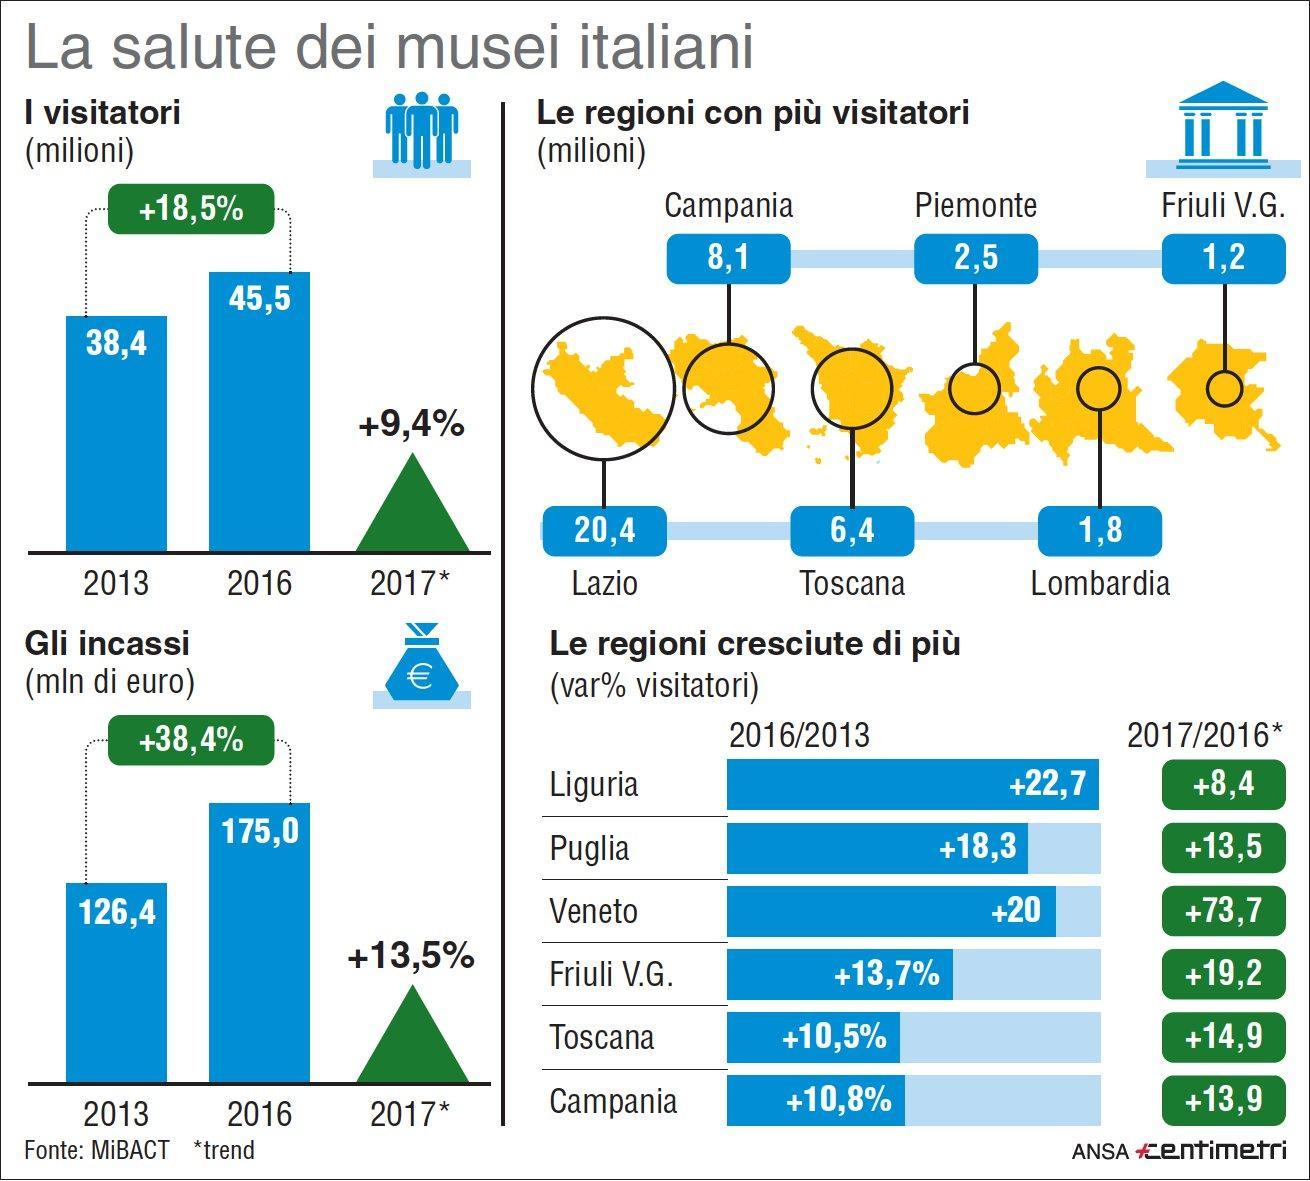 Mibact, i dati sui musei italiani nel 2016-2017
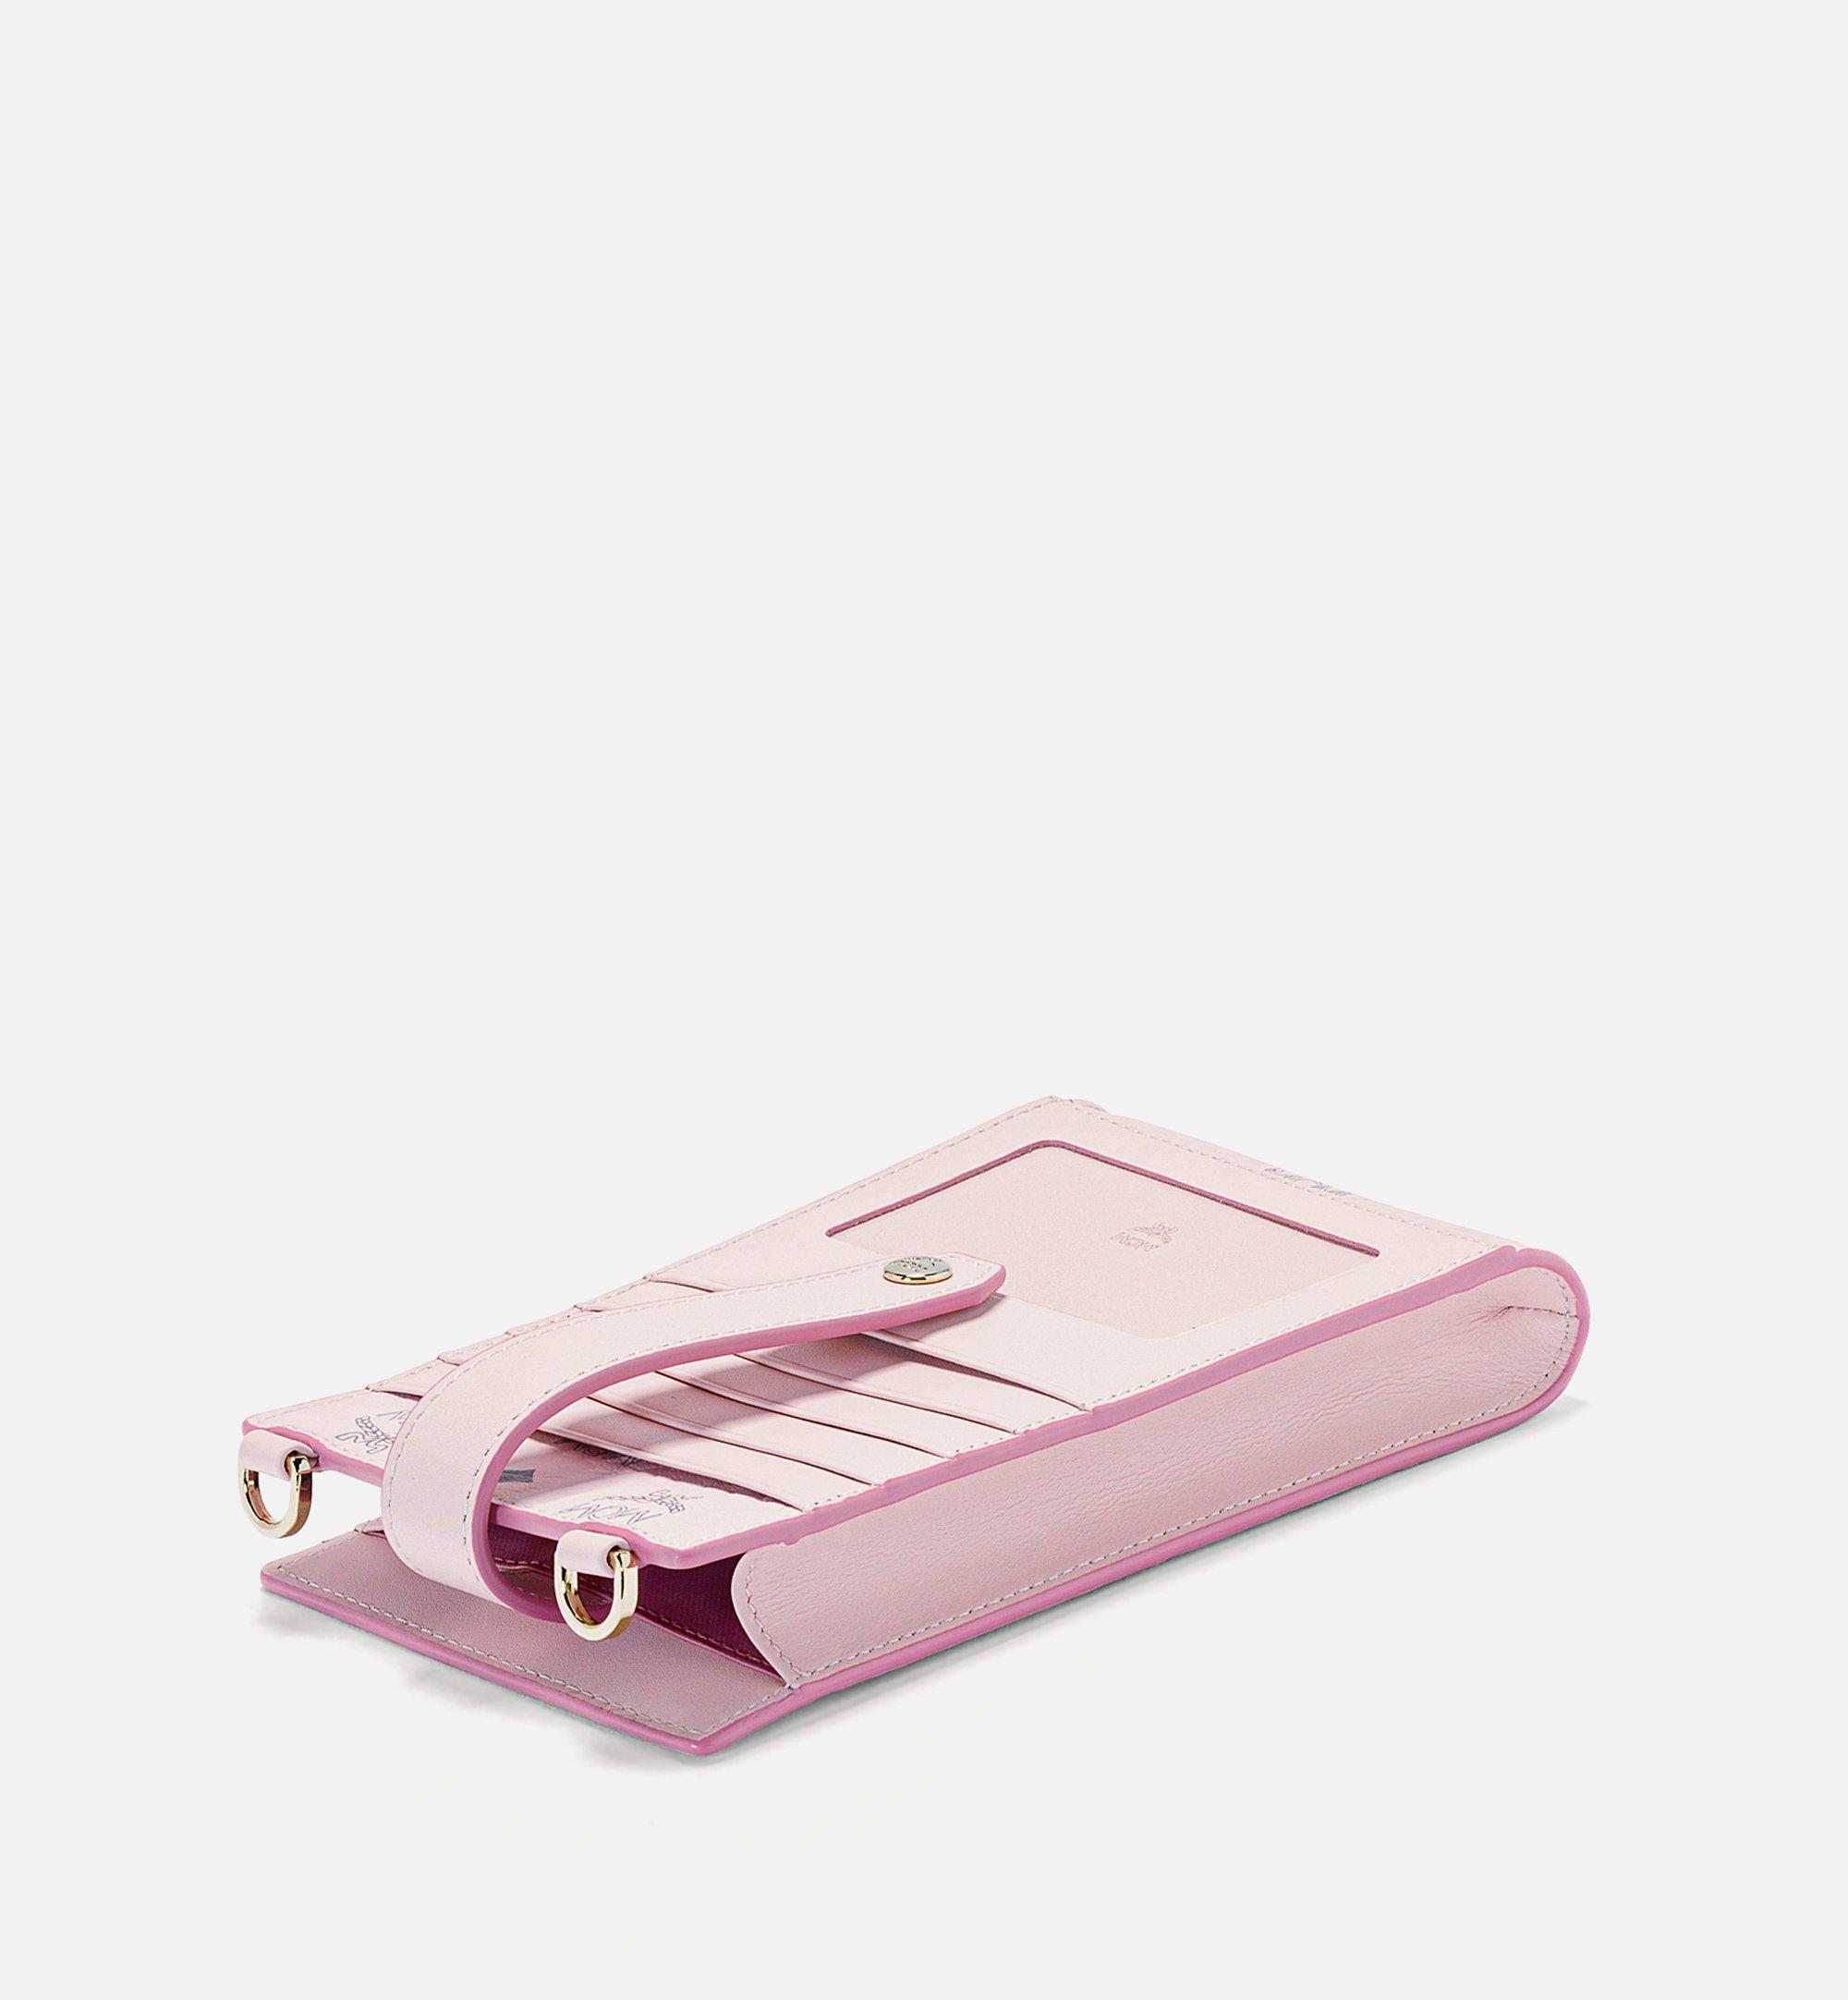 MCM Visetos Original 系列多功能手機保護套 Pink MXZBSVI01QH001 更多視圖 1
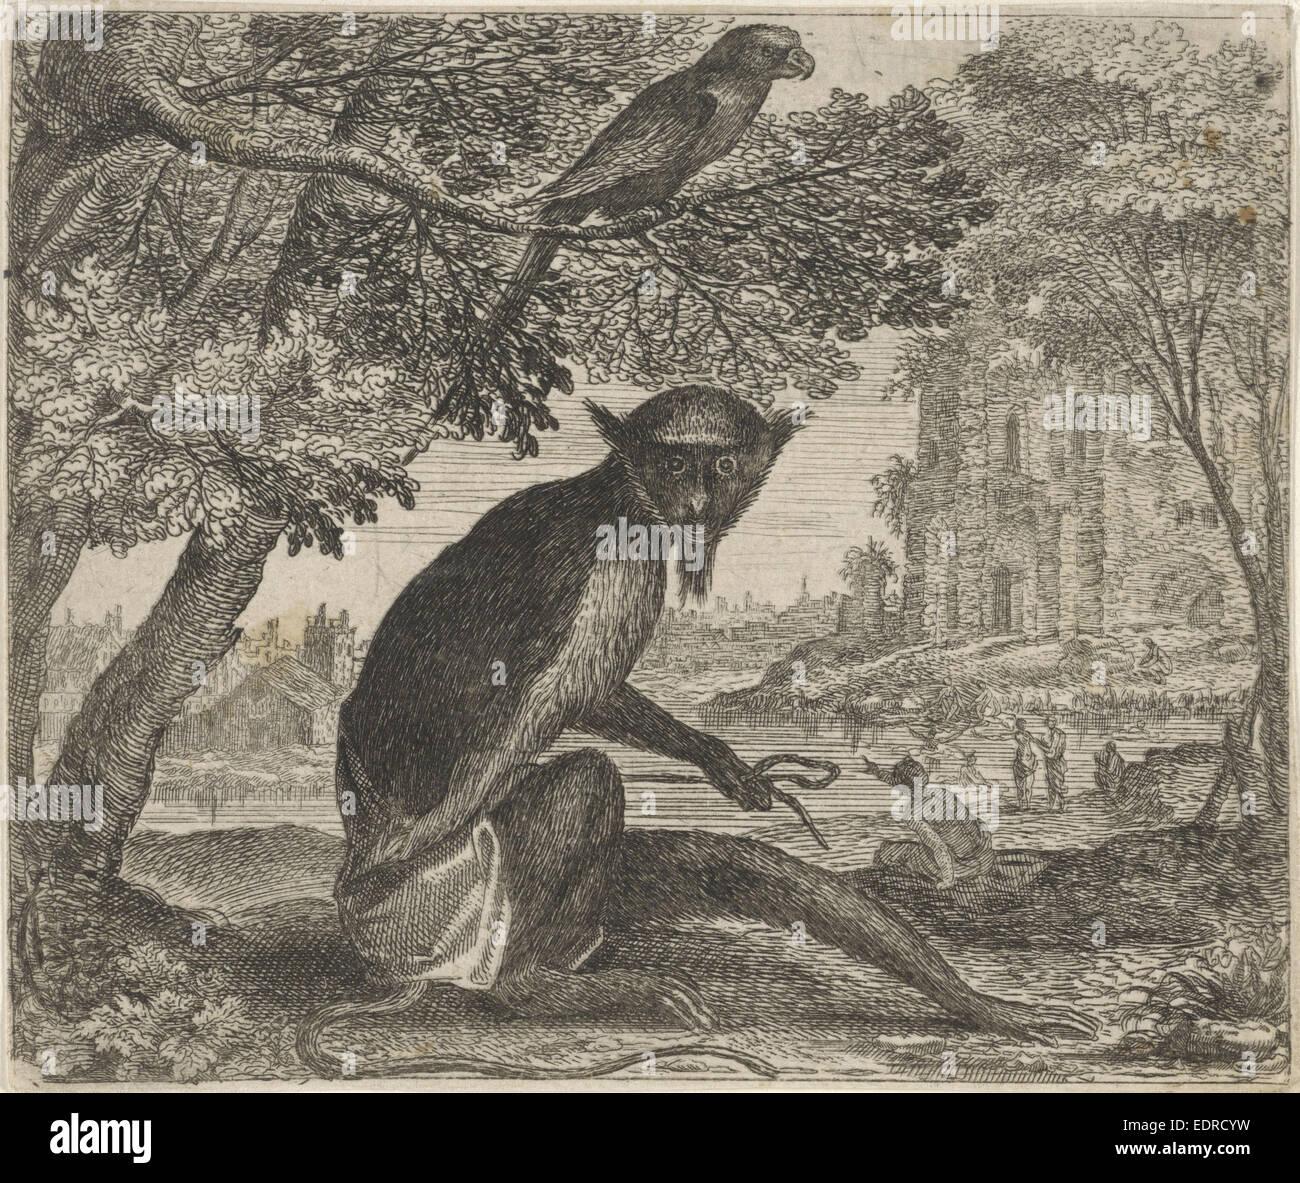 Fable of the parrot and monkey, Aegidius Sadeler, 1608 - Stock Image

**TASK DETAILS:**
Wherever a picture appears in the material above, skip it and copy the rest without change.

**EXERCISE SOLUTION:**
 Mibact, i dati sui musei italiani nel 2016-2017
 MCM Visetos Original 系列多功能手機保護套 Pink MXZBSVI01QH001 更多視圖 1
 Fable of the parrot and monkey, Aegidius Sadeler, 1608 - Stock Image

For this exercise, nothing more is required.